* Dataset excerpt *
━━━
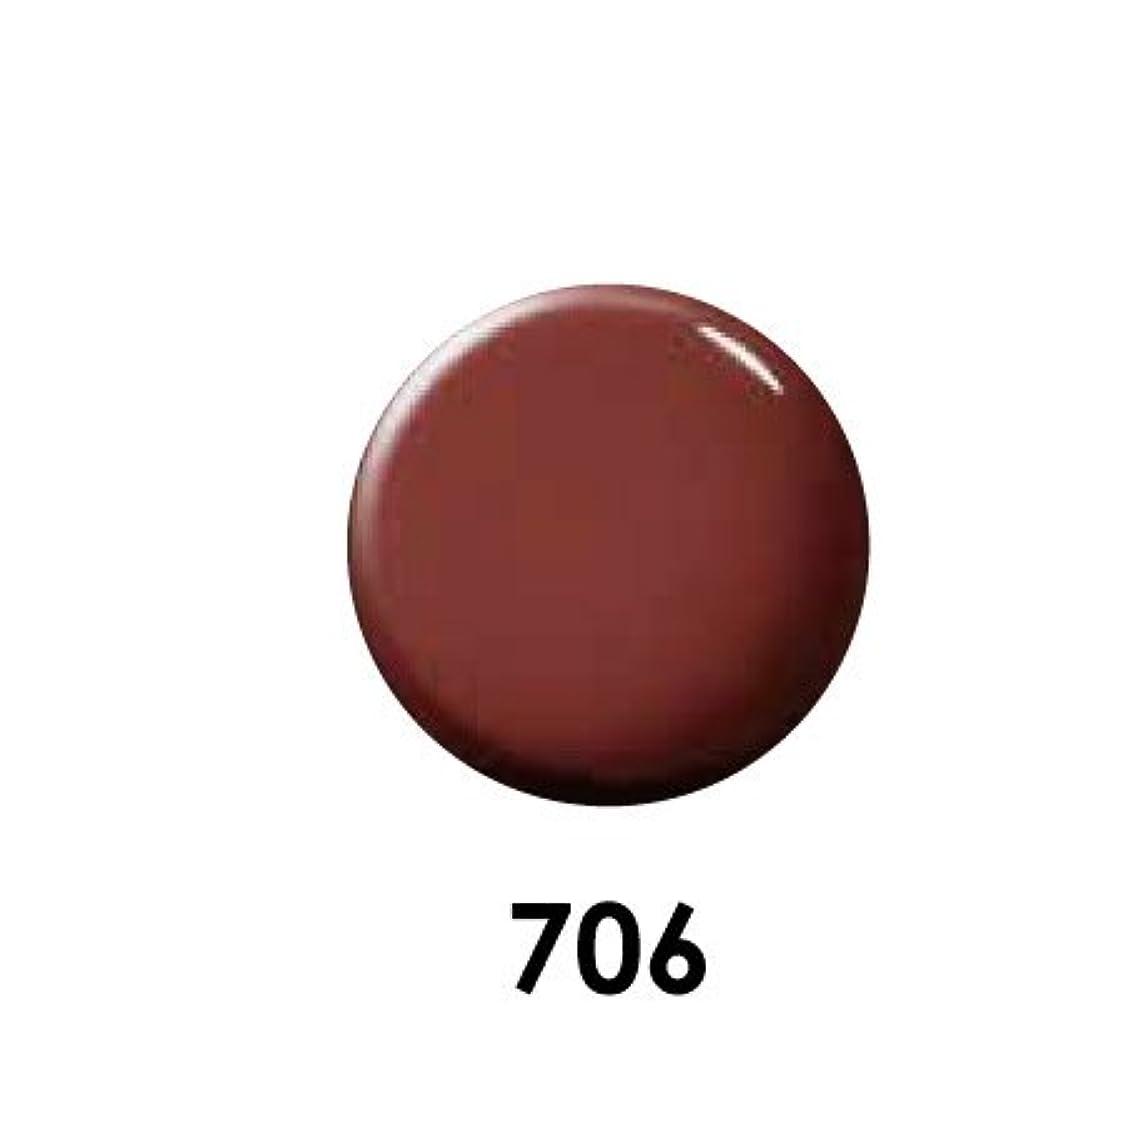 Putiel プティール カラージェル 706 サンダルウッド 4g (NAGISAプロデュース)
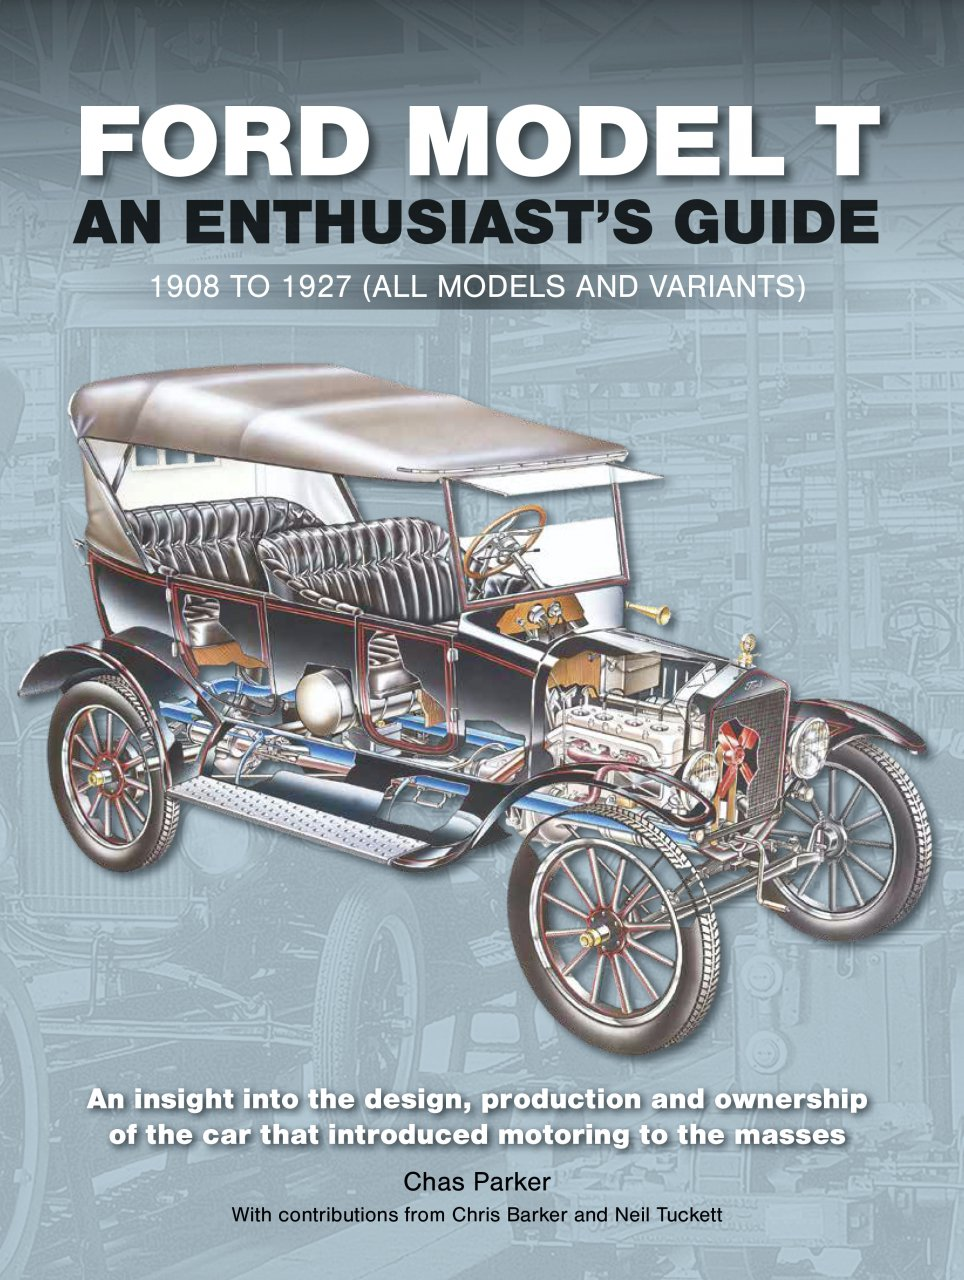 Automobile, Bookshelf: A British perspective on a historic American automobile, ClassicCars.com Journal
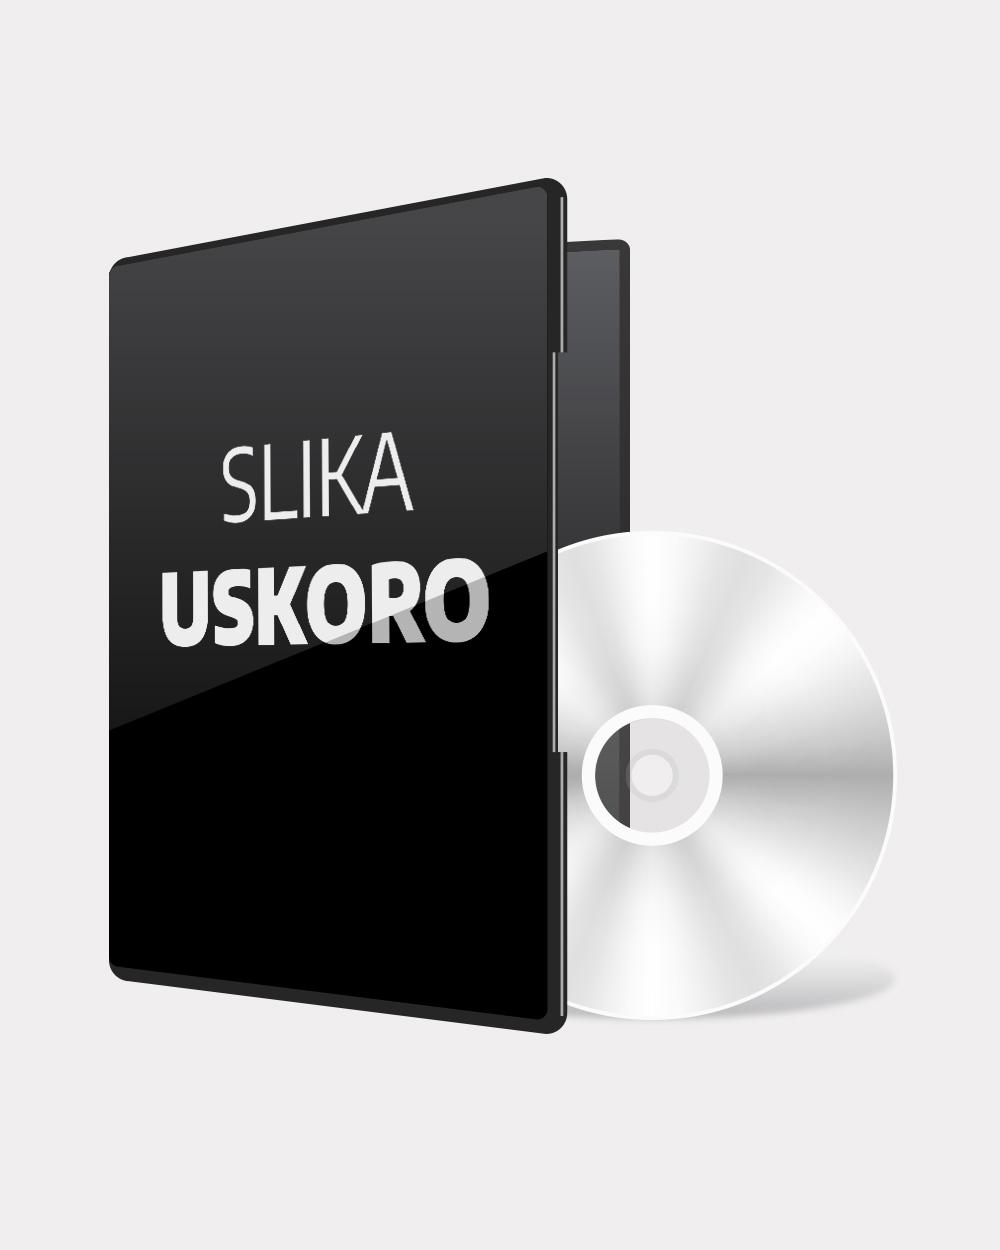 PS4 Deception IV - The Nightmare Princess
━━━
* Exercise *
Pictures are to be omitted. Print exactly the lines from the line containing "Automobile, Bookshelf: A" through the final line of the material above, both included.

* Answer section *
 Automobile, Bookshelf: A British perspective on a historic American automobile, ClassicCars.com Journal
 PS4 Deception IV - The Nightmare Princess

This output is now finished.